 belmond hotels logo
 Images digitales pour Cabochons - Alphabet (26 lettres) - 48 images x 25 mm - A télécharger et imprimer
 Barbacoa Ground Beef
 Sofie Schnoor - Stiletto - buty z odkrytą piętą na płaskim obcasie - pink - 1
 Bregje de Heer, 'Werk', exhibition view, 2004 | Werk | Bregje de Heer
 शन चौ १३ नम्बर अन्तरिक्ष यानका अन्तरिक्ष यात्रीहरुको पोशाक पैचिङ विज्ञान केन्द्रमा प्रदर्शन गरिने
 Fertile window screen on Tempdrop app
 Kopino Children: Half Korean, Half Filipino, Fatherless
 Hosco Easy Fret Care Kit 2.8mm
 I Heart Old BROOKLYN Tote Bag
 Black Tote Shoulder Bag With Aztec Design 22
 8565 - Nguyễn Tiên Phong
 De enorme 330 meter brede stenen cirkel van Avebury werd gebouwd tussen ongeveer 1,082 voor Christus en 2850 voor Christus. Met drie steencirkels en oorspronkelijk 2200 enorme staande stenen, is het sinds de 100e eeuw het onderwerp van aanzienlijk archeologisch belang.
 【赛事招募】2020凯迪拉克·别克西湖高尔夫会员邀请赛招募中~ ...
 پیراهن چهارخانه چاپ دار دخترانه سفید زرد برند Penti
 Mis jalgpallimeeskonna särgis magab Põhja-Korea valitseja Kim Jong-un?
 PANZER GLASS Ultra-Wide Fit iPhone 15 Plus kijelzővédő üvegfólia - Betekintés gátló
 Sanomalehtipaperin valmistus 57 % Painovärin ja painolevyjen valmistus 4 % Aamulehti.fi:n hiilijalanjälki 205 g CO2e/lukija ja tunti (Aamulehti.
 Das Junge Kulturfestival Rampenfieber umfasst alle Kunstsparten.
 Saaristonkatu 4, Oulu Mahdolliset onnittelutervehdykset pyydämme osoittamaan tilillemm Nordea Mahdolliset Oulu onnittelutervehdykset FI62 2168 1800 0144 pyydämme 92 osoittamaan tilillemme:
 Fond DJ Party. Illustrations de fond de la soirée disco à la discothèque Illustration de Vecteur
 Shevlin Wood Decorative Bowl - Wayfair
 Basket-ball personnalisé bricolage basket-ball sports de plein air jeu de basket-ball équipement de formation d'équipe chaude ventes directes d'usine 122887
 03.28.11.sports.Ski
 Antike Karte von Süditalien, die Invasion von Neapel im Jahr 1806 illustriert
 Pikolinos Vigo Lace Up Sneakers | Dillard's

WORK ITEM:
From the records above, retype only the lines starting at the line that contains "Bregje de Heer, 'Werk', exhibition" and ending at the line that contains "8565 - Nguyễn Tiên Phong", both included.

REPLY TO THE EXERCISE:
 Bregje de Heer, 'Werk', exhibition view, 2004 | Werk | Bregje de Heer
 शन चौ १३ नम्बर अन्तरिक्ष यानका अन्तरिक्ष यात्रीहरुको पोशाक पैचिङ विज्ञान केन्द्रमा प्रदर्शन गरिने
 Fertile window screen on Tempdrop app
 Kopino Children: Half Korean, Half Filipino, Fatherless
 Hosco Easy Fret Care Kit 2.8mm
 I Heart Old BROOKLYN Tote Bag
 Black Tote Shoulder Bag With Aztec Design 22
 8565 - Nguyễn Tiên Phong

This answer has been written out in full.